Tuesday, December 13, 2011

Karen Malena, author of "Son of Mine" Guest Post


Recently I was talking with an old friend about her daughter. She was thanking me for being there for her when her daughter was going through spinal surgery for scoliosis. She mentioned that someone should write a blog, sharing their experience with curvature of the spine to help others who may be going through this trauma.
You see, when I was about twelve years old, I noticed something about myself in the mirror. When a young girl should begin to develop curves, I was developing lumps. Something was distinctly wrong with the image looking back at me.
My pants were fitting funny, my back was aching. It wasn't until my poor mother was scratching my back one day, and noticed something very wrong with me, did we even know there was something to be truly concerned about.

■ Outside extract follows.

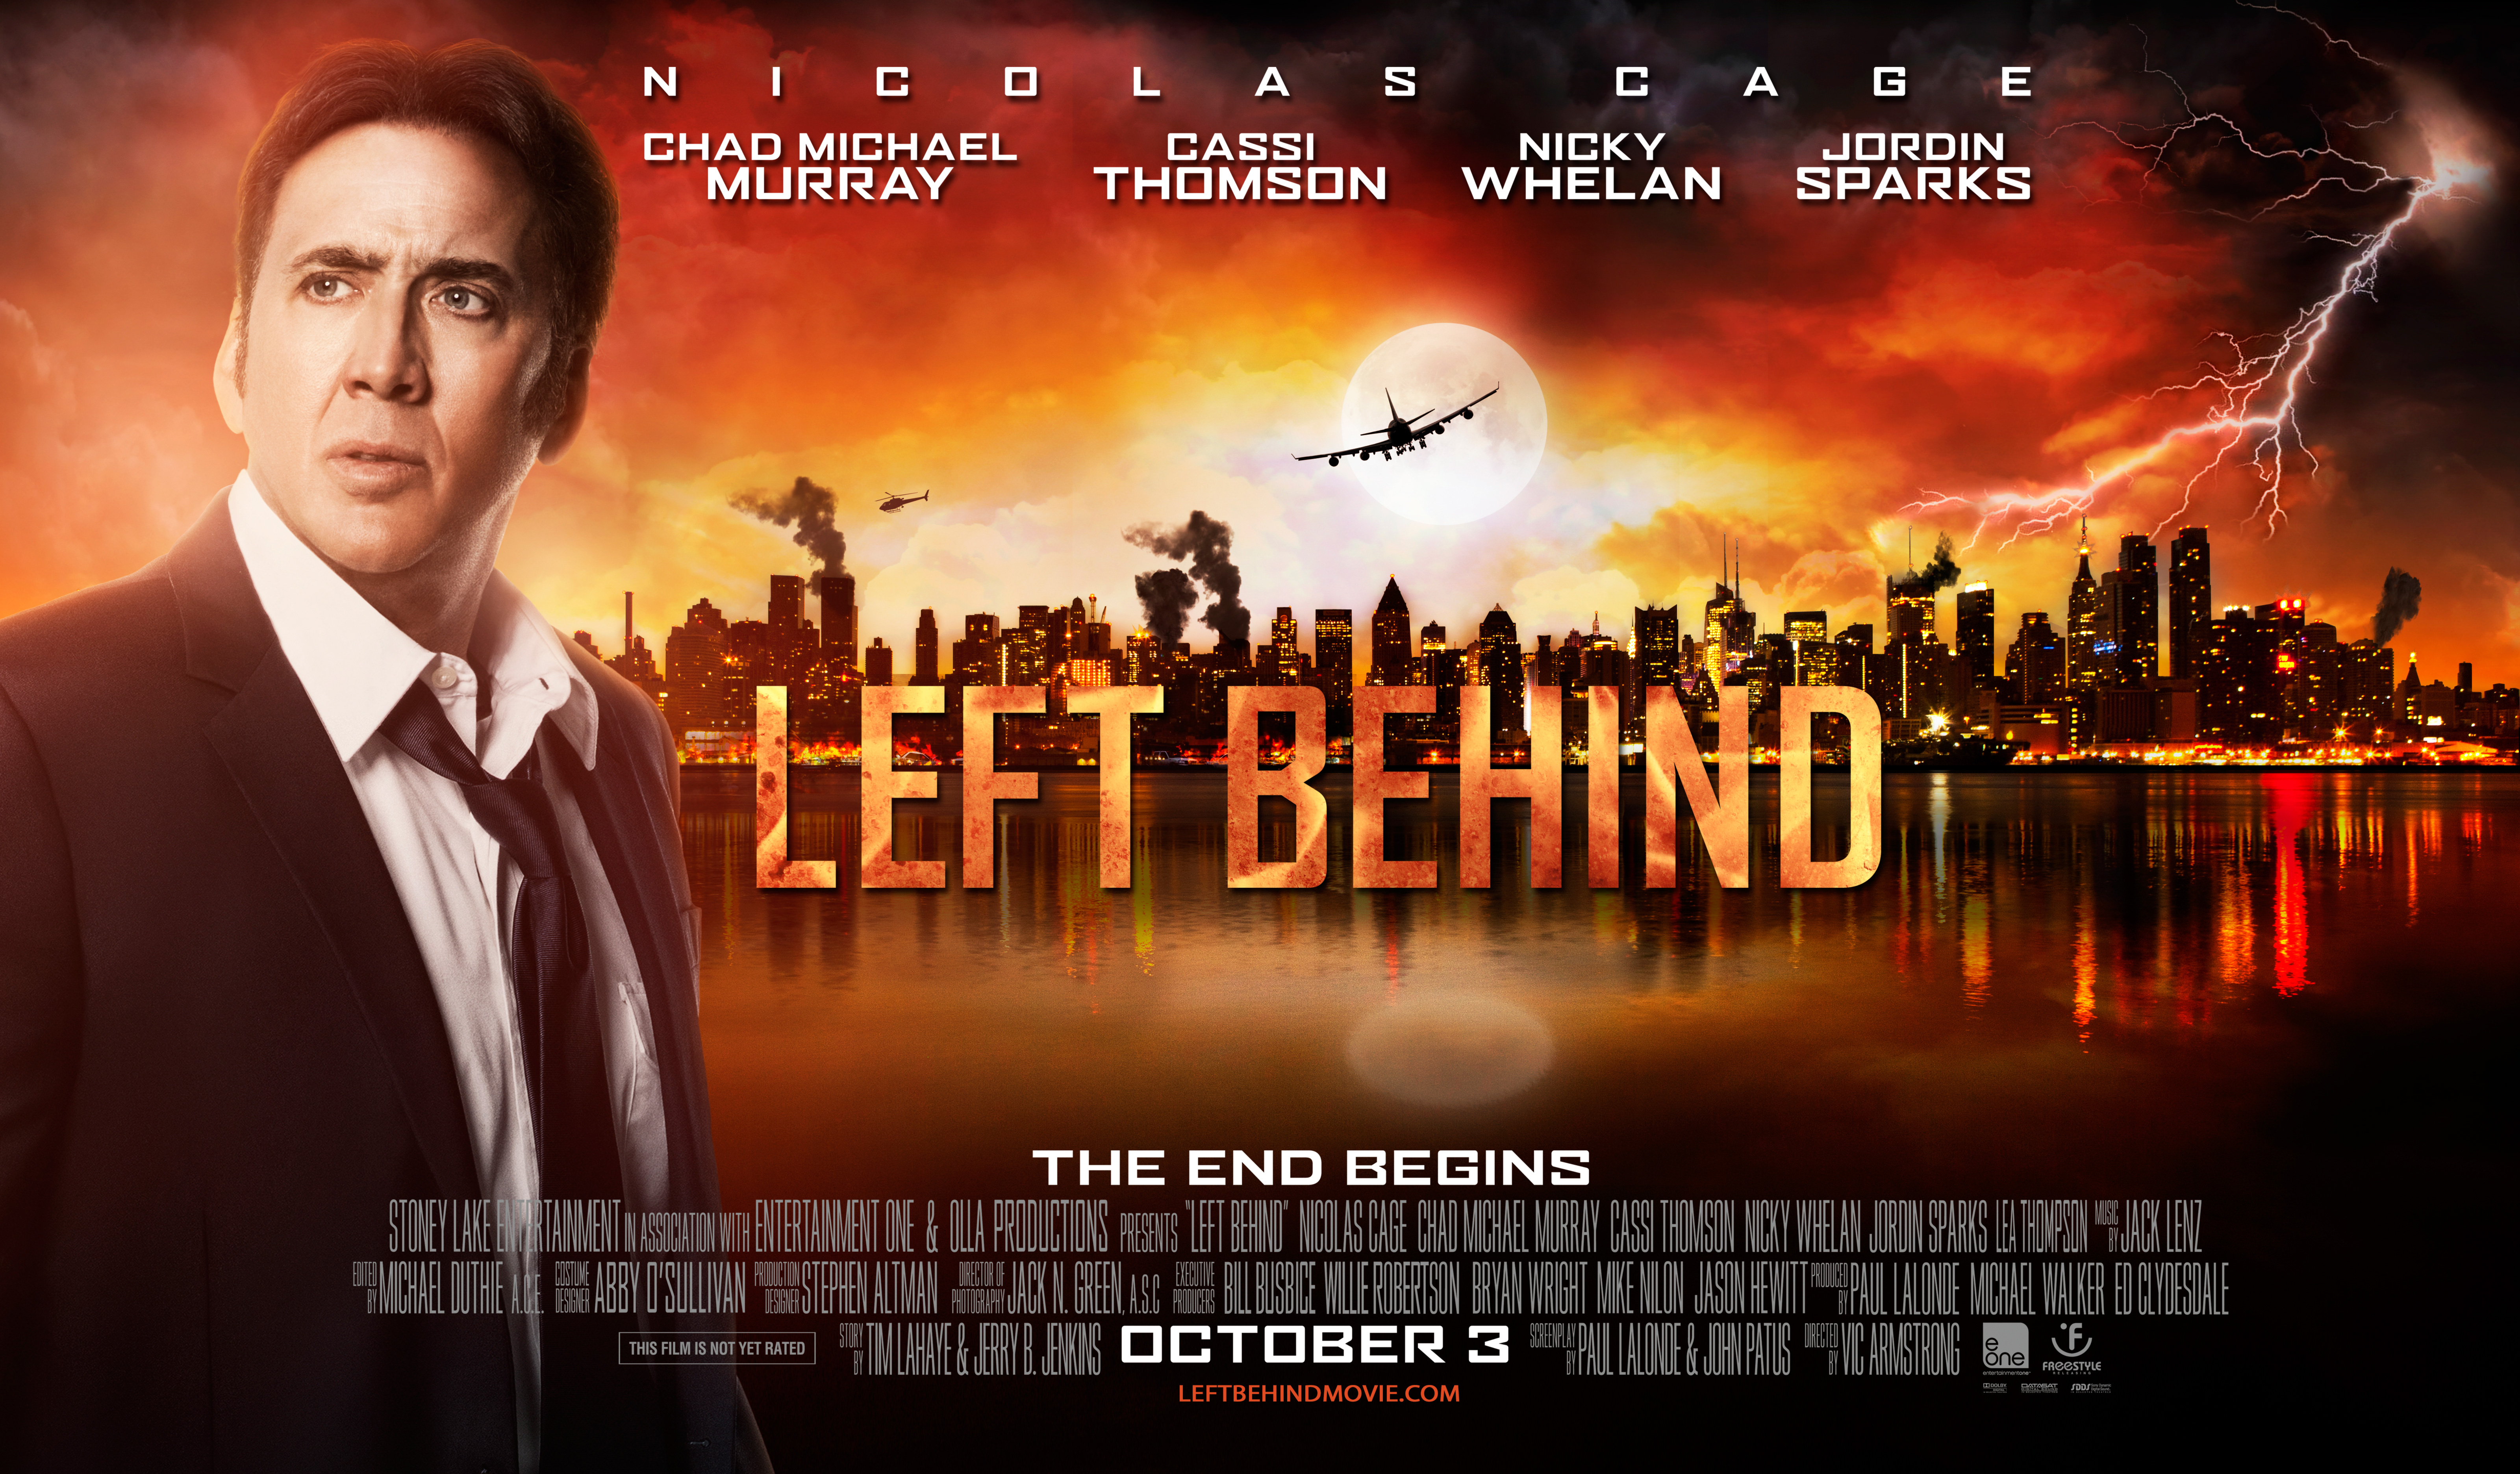 Left Behind (2014)dvdplanetstorepk

All I could do was panic and cry when mom said we should call for a doctor appointment. I think I had been fooling myself that something would change.
I asked Mom what she thought we would find out when we saw the doctor. Did she think they had to do some type of surgery on me? She assured me, no, there was probably nothing like that which I would have to go through.
Was she wrong! We sat in a specialists office with a doctor who had no bedside manner whatsoever. He blurted out that I had scoliosis, would need a spinal fusion, which was major surgery, and would be in a body cast for almost a year. Surgery was quickly scheduled.
In June of my twelfth year, I found myself in Children's Hospital, amidst young people with so many scary looking contraptions, some wheelchair bound, some who would never walk again. I was to count myself fortunate this was all I had.
There were various tortures to endure, the main one, a plaster body cast encasing my whole torso, the back of my head and up the front to my neck. This was placed on before surgery. It would be cut before the spinal fusion, then a new one would be fabricated afterward.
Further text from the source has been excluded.